Re: Overhauling "Routine Vacuuming" docs, particularly its handling of freezing

From: Ryan Booz <ryan(at)softwareandbooz(dot)com>
To: Peter Geoghegan <pg(at)bowt(dot)ie>
Cc: samay sharma <smilingsamay(at)gmail(dot)com>, PostgreSQL Hackers <pgsql-hackers(at)lists(dot)postgresql(dot)org>
Subject: Re: Overhauling "Routine Vacuuming" docs, particularly its handling of freezing
Date: 2023-05-12 17:36:27
Message-ID: CAMjhCZoPiOyGMmhGnxBHLgvqnJjJnEDY+-jJ3z2WNwUhfcGbjA@mail.gmail.com
Views: Raw Message | Whole Thread | Download mbox | Resend email
Thread:
Lists: pgsql-hackers

Thanks for the continued work, Peter. I hate to be the guy that starts this way,
but this is my first ever response on pgsql-hackers. (insert awkward
smile face).
Hopefully I've followed etiquette well, but please forgive any
missteps, and I'm
happy for any help in making better contributions in the future.

On Thu, May 11, 2023 at 9:19 PM Peter Geoghegan <pg(at)bowt(dot)ie> wrote:
>
> On Thu, May 4, 2023 at 3:18 PM samay sharma <smilingsamay(at)gmail(dot)com> wrote:
> > What do you think about the term "Exhaustion"? Maybe something like "XID allocation exhaustion" or "Exhaustion of allocatable XIDs"?
>
> I use the term "transaction ID exhaustion" in the attached revision,
> v4. Overall, v4 builds on the work that went into v2 and v3, by
> continuing to polish the overhaul of everything related to freezing,
> relfrozenxid advancement, and anti-wraparound autovacuum.

Just to say on the outset, as has been said earlier in the tread by others,
that this is herculean work. Thank you for putting the effort you have thus far.
There's a lot of good from where I sit in the modification efforts.
It's a heavy,
dense topic, so there's probably never going to be a perfect way to
get it all in,
but some of the context early on, especially, is helpful for framing.

>
> It would be nice if it was possible to add an animation/diagram a
> little like this one: https://tuple-freezing-demo.angusd.com (this is
> how I tend to think about the "transaction ID space".)

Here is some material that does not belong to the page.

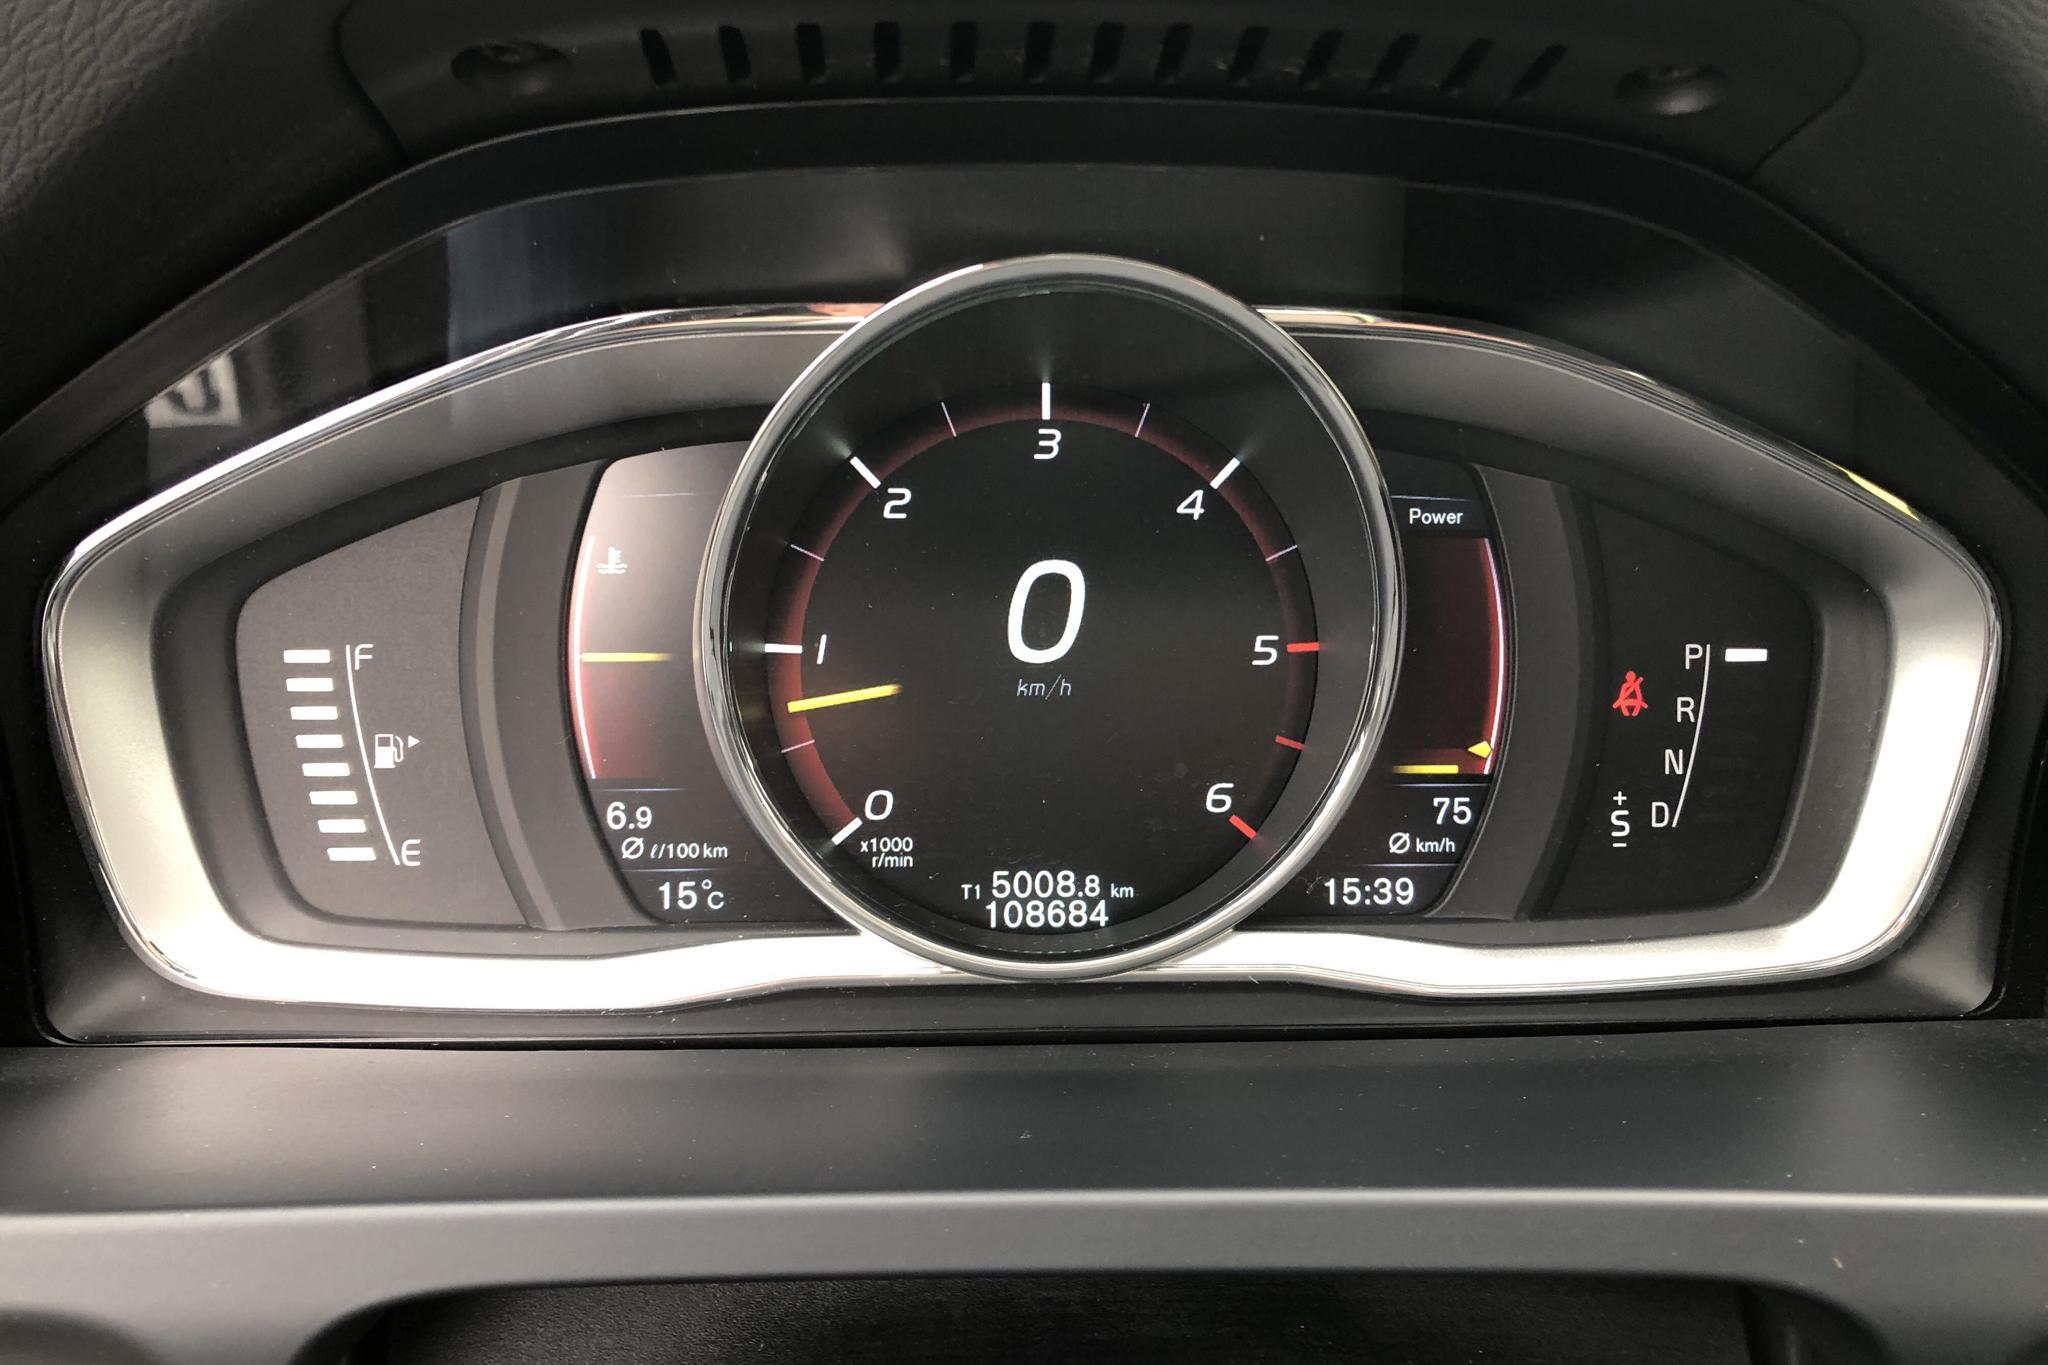 Volvo V60 D4 Cross Country AWD (190hk) - 10 869 mil - Automat - vit - 2016
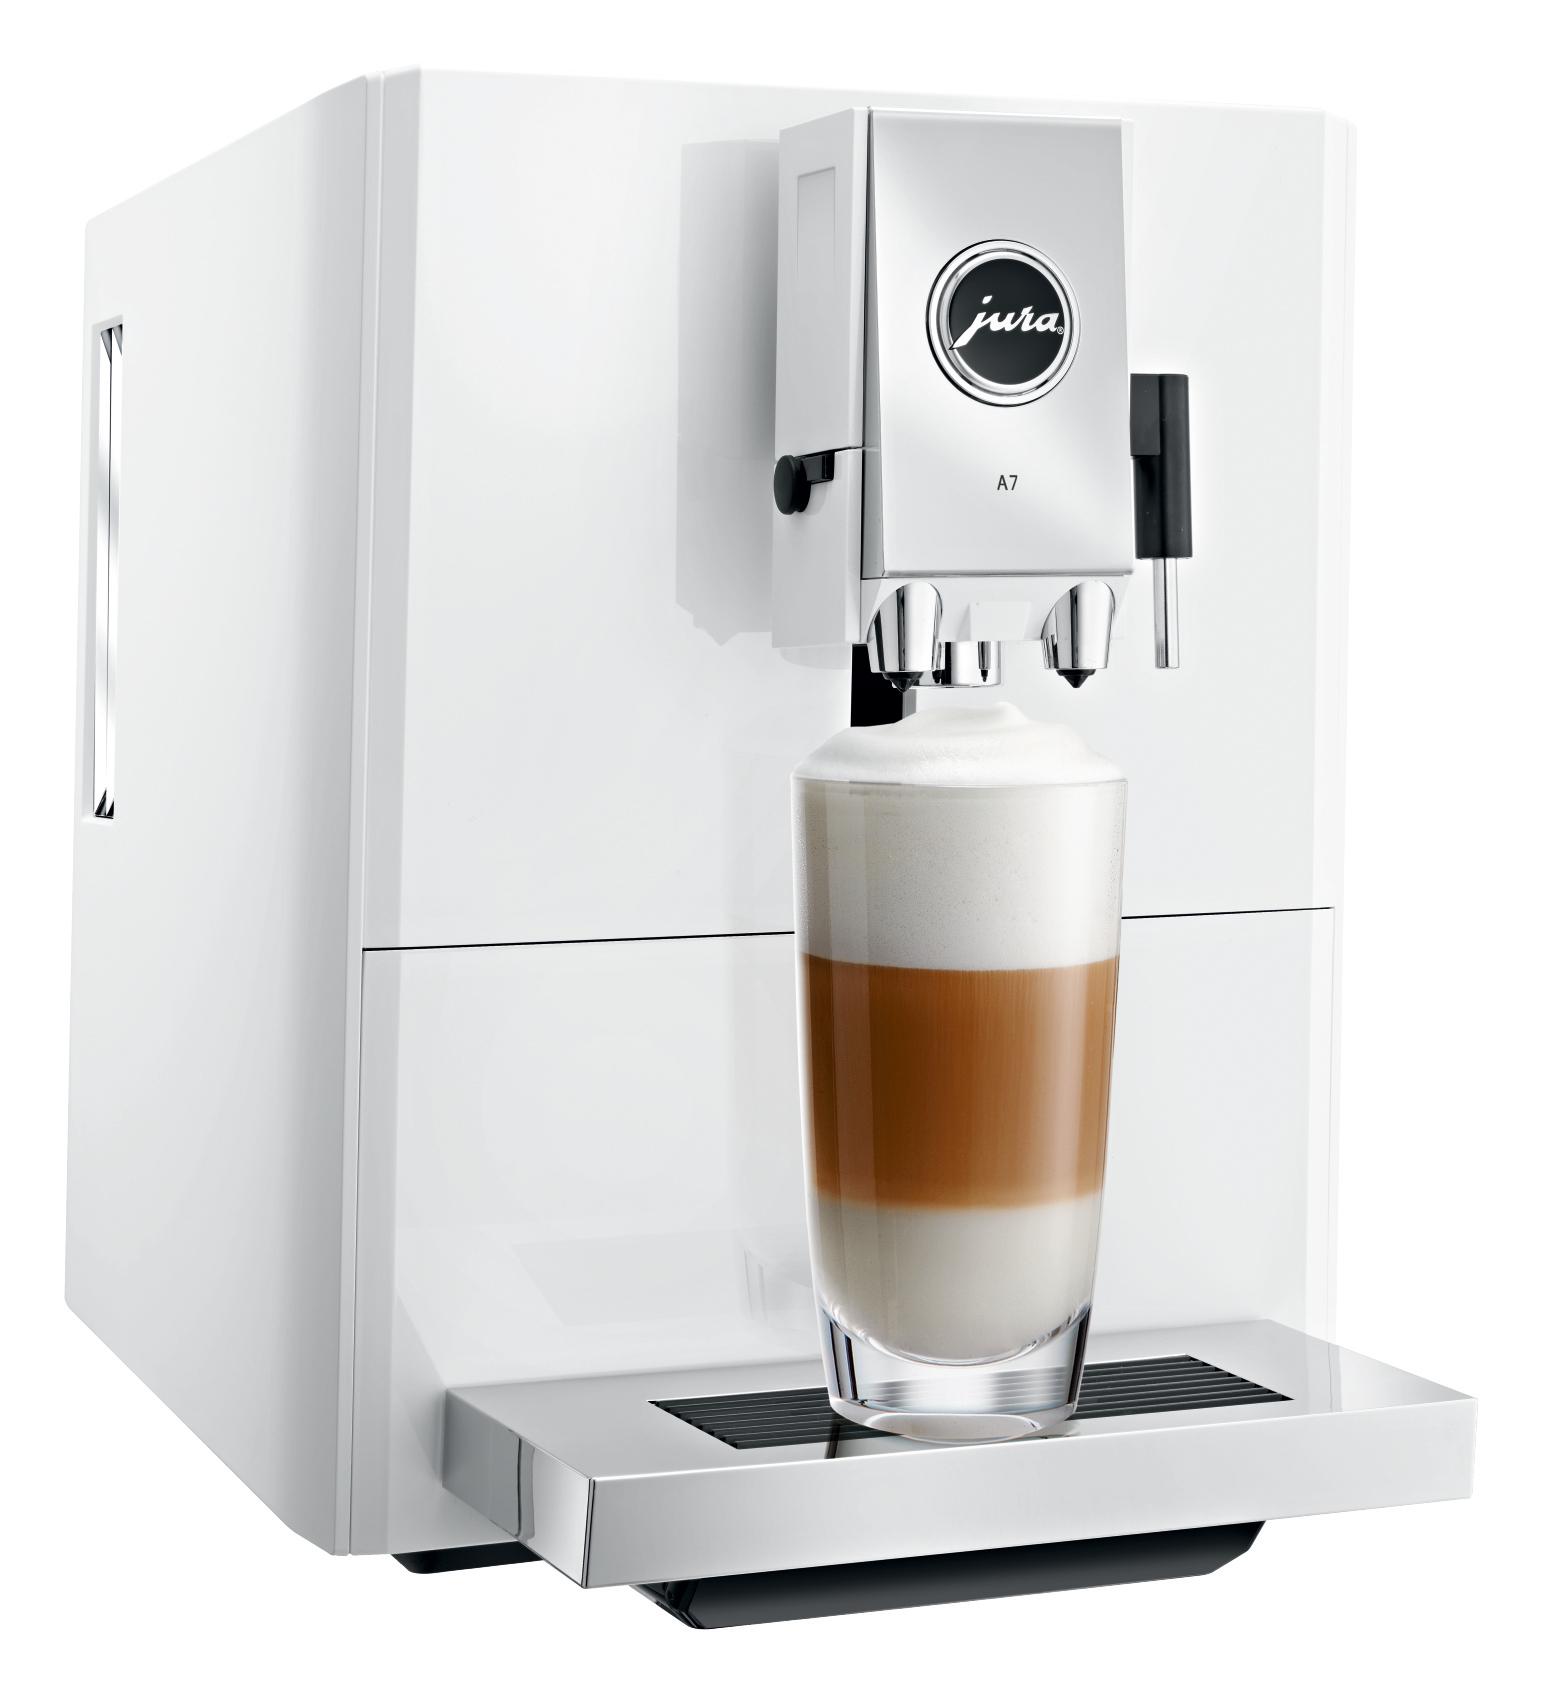 jura kaffeevollautomat a7. Black Bedroom Furniture Sets. Home Design Ideas

Indeed. With volunteer docs, illustrations/diagrams are hard for sure. But,
this or something akin to the "clock" image I've seen elsewhere when
describing the transaction ID space would probably be helpful if it were ever
possible. In fact, there's just a lot about the MVCC stuff in general that
would benefit from diagrams. But alas, I guess that's why we have some
good go-to community talks/slide decks. :-)

> v4 also limits use of the term "wraparound" to places that directly
> discuss anti-wraparound autovacuums (plus one place in xact.sgml,
> where discussion of "true unsigned integer wraparound" and related
> implementation details has been moved). Otherwise we use the term
> "transaction ID exhaustion", which is pretty much the user-facing name
> for "xidStopLimit". I feel that this is a huge improvement, for the
> reason given to Greg earlier. I'm flexible on the details, but I feel
> strongly that we should minimize use of the term wraparound wherever
> it might have the connotation of "the past becoming the future". This
> is not a case of inventing a new terminology for its own sake. If
> anybody is skeptical I ask that they take a look at what I came up
> with before declaring it a bad idea. I have made that as easy as
> possible, by once again attaching a prebuilt routine-vacuuming.html.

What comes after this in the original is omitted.